An empirical determination of the dark count rate within a large-format MKID array, mirroring those currently deployed at observatories such as Subaru on Maunakea, is presented. In future experiments, including those designed for dark matter direct detection that require low-count rates and quiet conditions, this work supplies compelling evidence of their utility. The bandpass from 0946-1534 eV (1310-808 nm) exhibits a mean photon count rate of (18470003)x10^-3 photons per pixel per second. The average dark count rate in an MKID, calculated by dividing the bandpass into five equal-energy bins based on the detectors' resolving power, is (626004)x10⁻⁴ photons/pixel/second for the 0946-1063 eV range and (273002)x10⁻⁴ photons/pixel/second for the 1416-1534 eV range. Remediation agent By employing low-noise readout electronics for a single MKID pixel, we show that, when the detector is not exposed to light, the observed events are primarily a mixture of actual photons, possible fluorescence induced by cosmic rays, and phonon events within the array substrate. A single MKID pixel, outfitted with low-noise readout electronics, exhibited a dark count rate of (9309)×10⁻⁴ photons per pixel per second, measured across the 0946-1534 eV bandpass. We also investigated the detector's response when not illuminated, finding that these responses, within the MKID, are distinguishable from photon emissions from known light sources like lasers and are likely attributed to cosmic ray excitations.
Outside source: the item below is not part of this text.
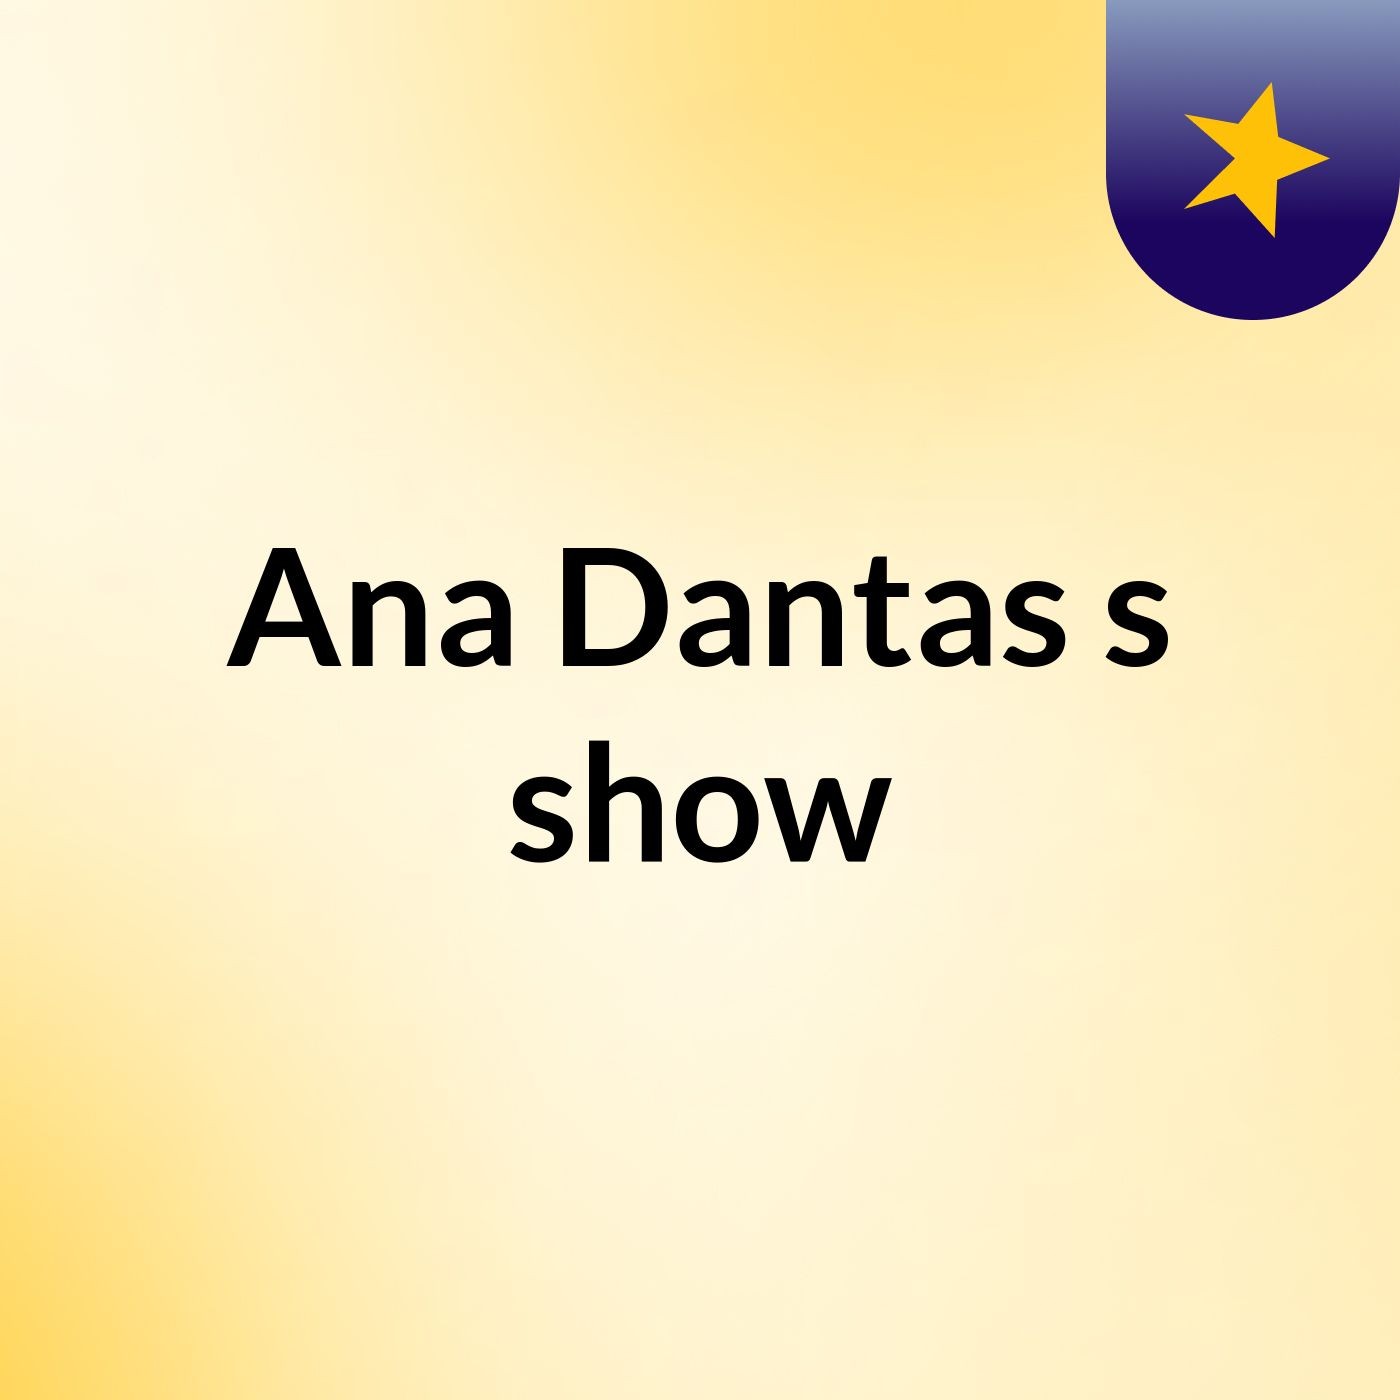 Ana Dantas's show

The freeform imaging system, a key component in developing an optical system for automotive heads-up displays (HUDs), is representative of typical augmented reality (AR) technology applications. Automated algorithms are urgently needed for the design of automotive HUDs to effectively manage the challenges of multi-configuration, including the variable height of drivers, the movement of eyeballs, correcting distortions from windshields, and considering diverse vehicle structures; however, current research is far from addressing these issues.